Творческая жадность у Юрского почти ненасытна. Иногда мне кажется, что, если бы ему разрешили, он бы переиграл во всех спектаклях все роли. Перевоплощение — самое его естественное, вполне повседневное состояние. Ему ничего не стоит в один и тот же вечер, отыграв большой и очень ответственный спектакль, не переводя дыхания, примчаться во Дворец искусств и там вдвоем со своей замечательной партнершей, одной из самых тонких ленинградских актрис Зинаидой Шарко, сыграть несколько очень разных по настроению миниатюр. В «Идеалистке» он на протяжении четверти часа преображается из грубоватого нескладного парня в солидного профессора, чтобы тут же снова явиться уже сыном этого профессора, лиричным увальнем, наивным и трогательным.
А затем, после этой прозрачной психологической вещи, еще не остыв от нее, Юрский выходит в злой, беспощадной карикатуре. Ему достаточно выпятить грудь колесом, так, чтобы вылезла колом крахмальная белая манишка, вбить голову прямо в скособоченные плечи, как будто она и выросла непосредственно из туловища, высунуть вперед несуразные, торчащие граблями руки, и все — портрет готов. На этом неуклюжем и почему-то разросшемся в ширину куске мяса прорезаны, как у человека, глаза, рот, отверстия для носа. Но в нем нет и подобия человеческой мысли. Тупое самодовольство оттопырило губу застывшей ухмылкой. Взгляд остановившийся, глупый. И даже глупость в нем неподвижная, монументальная. Эстрадный куплетист-ремесленник не то что высмеян в резком шарже — уничтожен. А длится эта меткая и злая пародия и всего-то минуты полторы, максимум две.
Сергей Юрский занят чуть не во всех спектаклях Большого драматического театра, где он работает, сравнительно часто снимается в кино, много выступает в телевизионных постановках. Но всего этого ему мало. Его энергия еще остается неизрасходованной. Он то приготовит самостоятельный монтаж трагедии Шекспира «Юлий Цезарь», то выступит на сцене с «Графом Нулиным» Пушкина, а то еще с полной, как всегда, отдачей будет репетировать новый номер ленинградской «капустной» бригады, в которой он один из самых непременных и инициативных участников.

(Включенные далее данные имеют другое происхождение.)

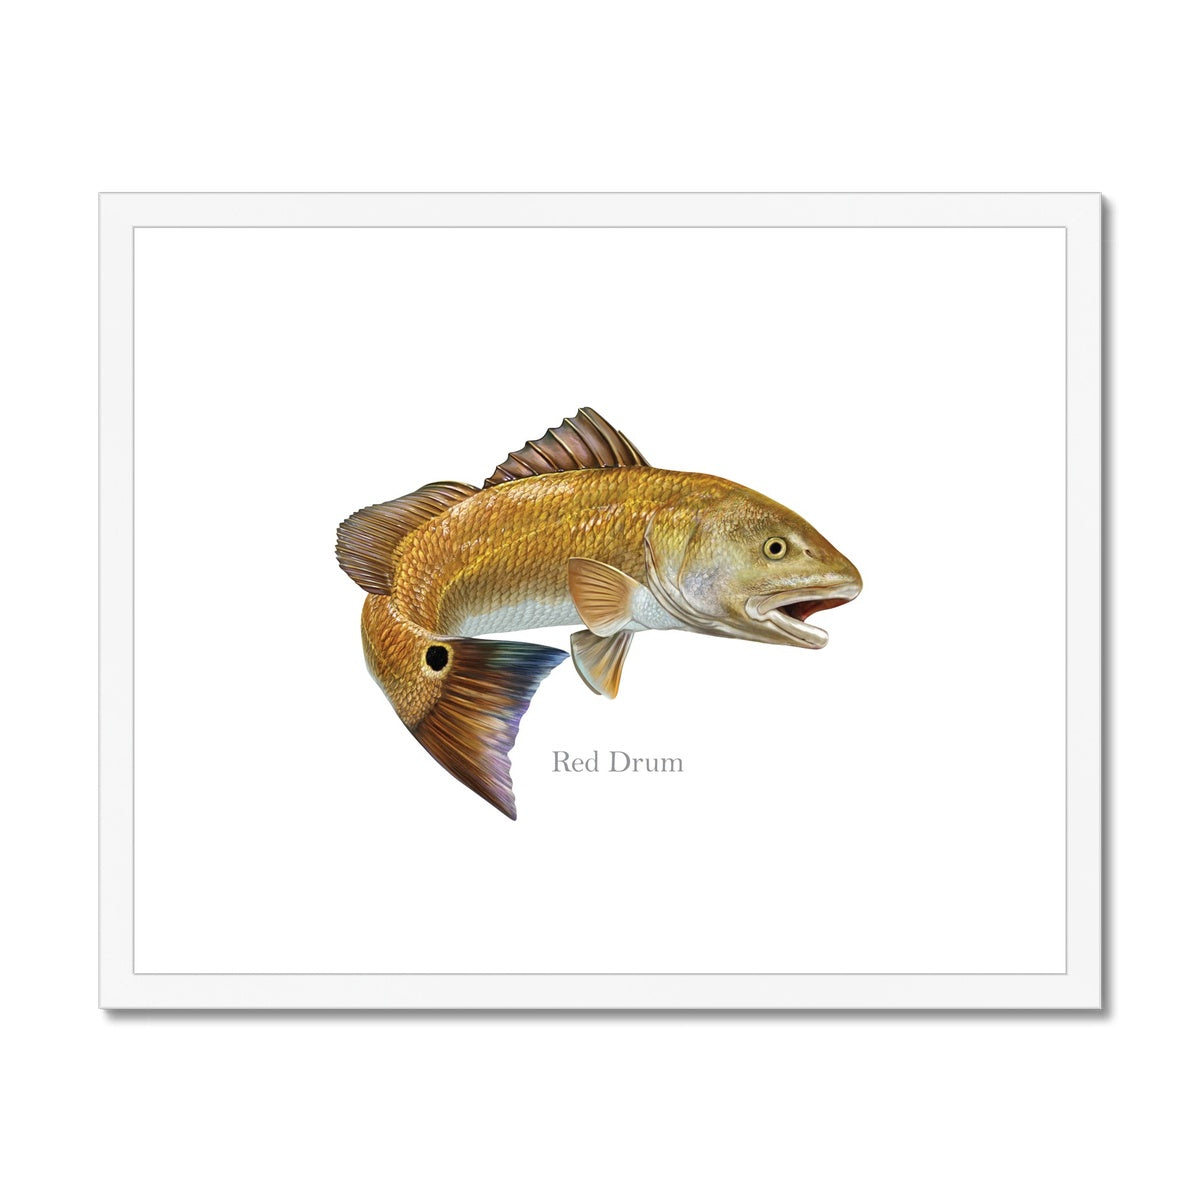 Red Drum - Framed & Mounted Print

Интенсивность Юрского — сущность его натуры. Он не из тех, кто стремится набрать работу «числом поболее, ценою подешевле», такую, чтобы как можно больше успеть и как можно меньше истратить сил. Юрский в любую свою работу вкладывает всего себя, и всякий раз, из всякого пустяка старается извлечь всю глубину содержания. Для него каждая роль, и не только в театре, но даже рассчитанная на одно-единственное исполнение, превращается в жизненный этап. ‹…›
Правда характера достигается у Юрского не простой достоверностью, а органичным единством всех составных жизненных элементов. Недаром сам Юрский говорит о своих героях, что плохое не дается им даром, что злой обязательно томится своим злом, а хорошее приходит к человеку через трудное. Ничего от этой сложности, — залога глубокого психологического искусства, как бы ни была остра его форма, — нет в Никите — симпатичном и темпераментном рубаке. Таким и играет его Юрский. Зато в большинстве созданий актера, самых разных, от наивных мечтателей до холодных убийц, сложность характера не только результат удачи актера, но и первое ее условие. ‹…›
Юрский — актер на редкость профессиональный. Он владеет законами сценического мастерства с завидной свободой и виртуозной техникой. Но профессионализм, ранний и непрерывно совершенствующийся, не убивает в нем непосредственности «черновика» и наивной способности все открывать заново. Я могу себе представить, что у Юрского случится неудача, — у кого же их не бывает! — но я никак не могу себе представить его равнодушным или упоенным собой.
Он — весь в движении. И если нельзя, да едва ли и нужно предсказывать, в каком или, вернее, в каких направлениях он пойдет, одно можно сказать безошибочно: он будет идти.
Остановка ему противопоказана.
Беньяш Р. Сергей Юрский // Беньяш Р. Без грима и в гриме. Очерки о ленинградских актерах. М.; Л.: Искусство, 1965.